Major Sir Keith Alexander Fraser, 5th Baronet (1867–1935) was a British cavalry officer, and a Conservative Member of Parliament for Harborough from 1918 until 1923.

Biography
Keith Fraser was born in 1867. He was the son of General James Keith Fraser (the third son of Sir James John Fraser, 3rd Baronet (d. 1834)), and his wife Amelia Alice Julia (daughter of the Humble Dudley Ward). He was educated at Eaton.

Fraser joined the 7th Queen's Own Hussars and as a captain saw active service with his regiment in Southern Africa.

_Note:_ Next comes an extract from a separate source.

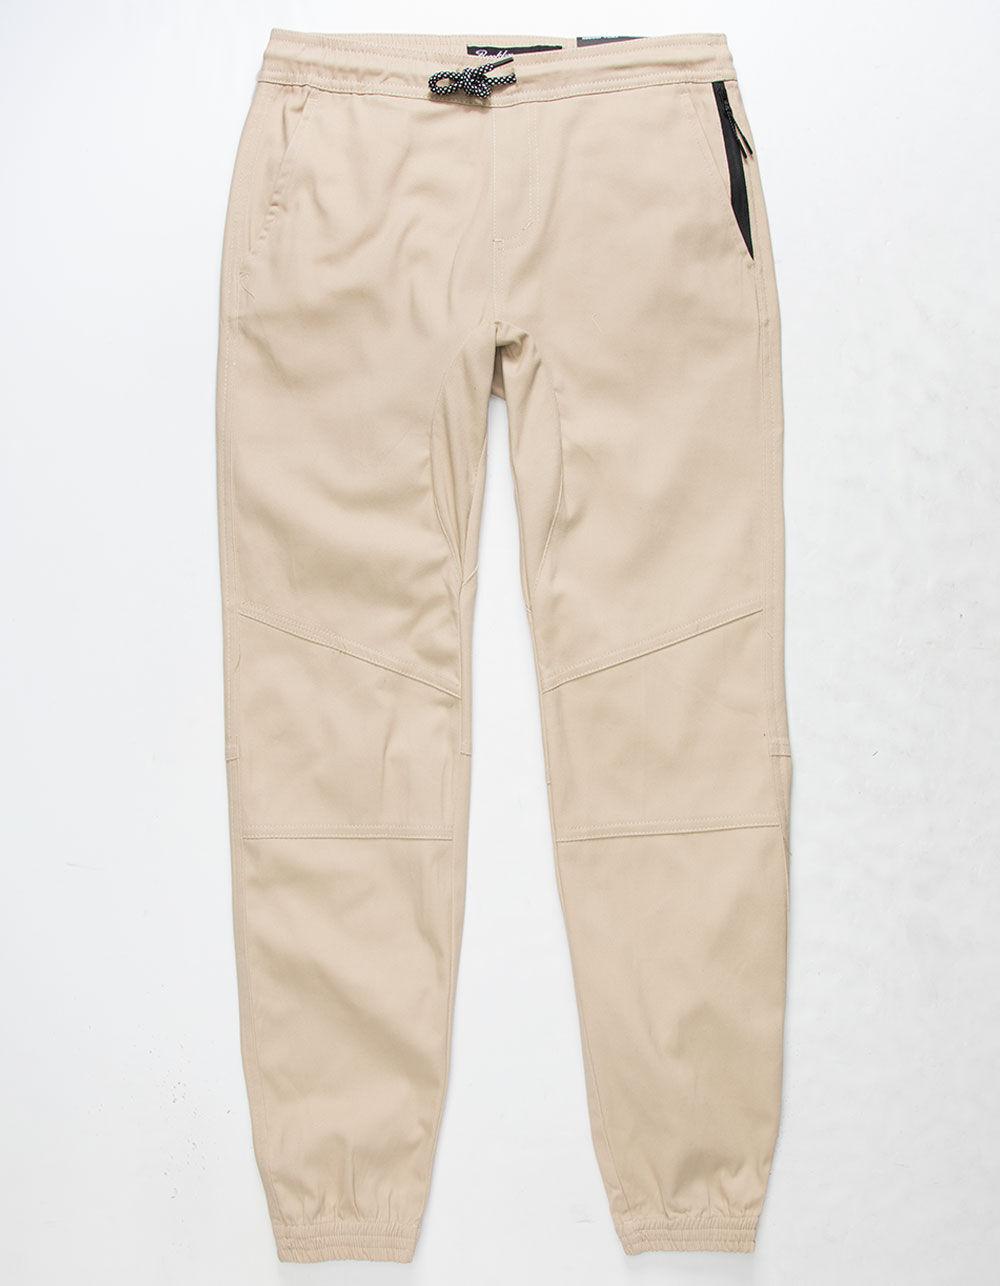 Image of BROOKLYN CLOTH TWILL ZIP POCKET BOYS JOGGER PANTS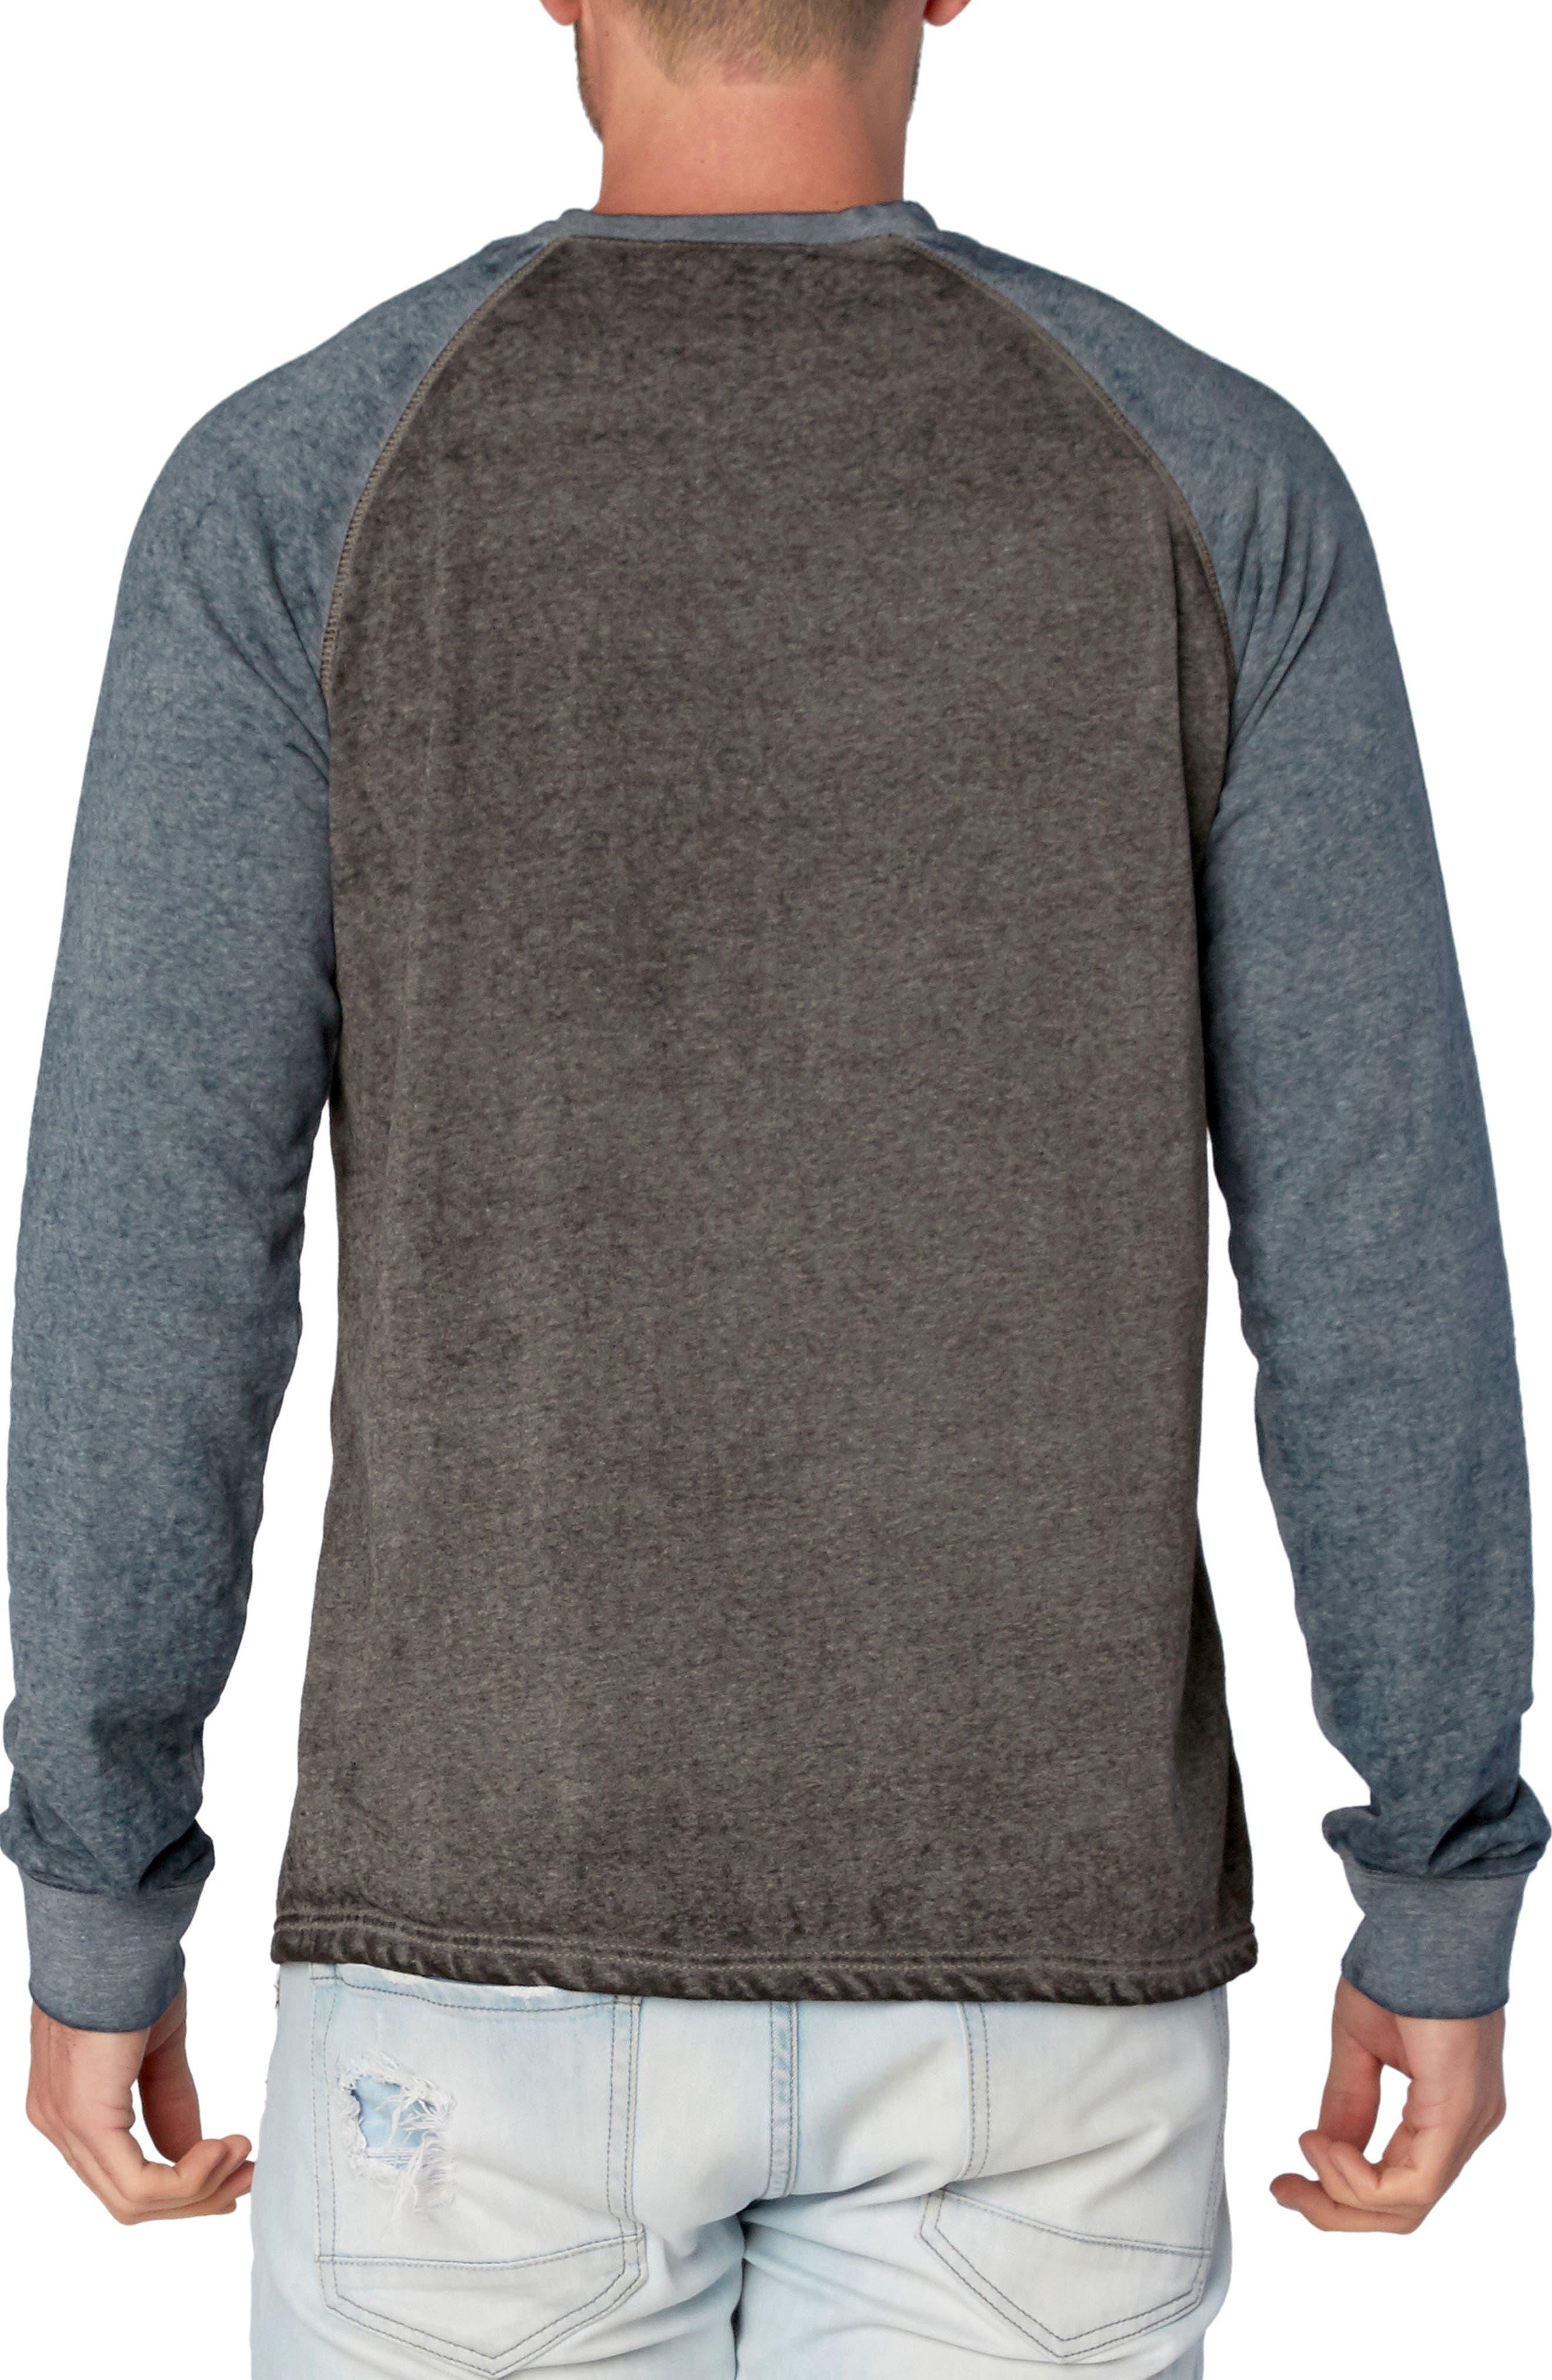 Washed Raglan Sleeve Sweatshirt,                             Alternate thumbnail 2, color,                             001

He fought in the First Matabele War (in what is now Zimbabwe) and was awarded the British South Africa Company Medal in 1893. He also saw action in the Second Matabele War and was awarded the clasp in 1897.

Fraser succeeded his cousin Sir William Augustus Fraser, 4th Baronet to the title of baronet in 1898. He contested the Parliamentary seat of Caithness-shire in 1906, and the Bosworth division of Leicestershire in January 1910. He was Conservative Member of Parliament for Harborough from 1918 until 1923.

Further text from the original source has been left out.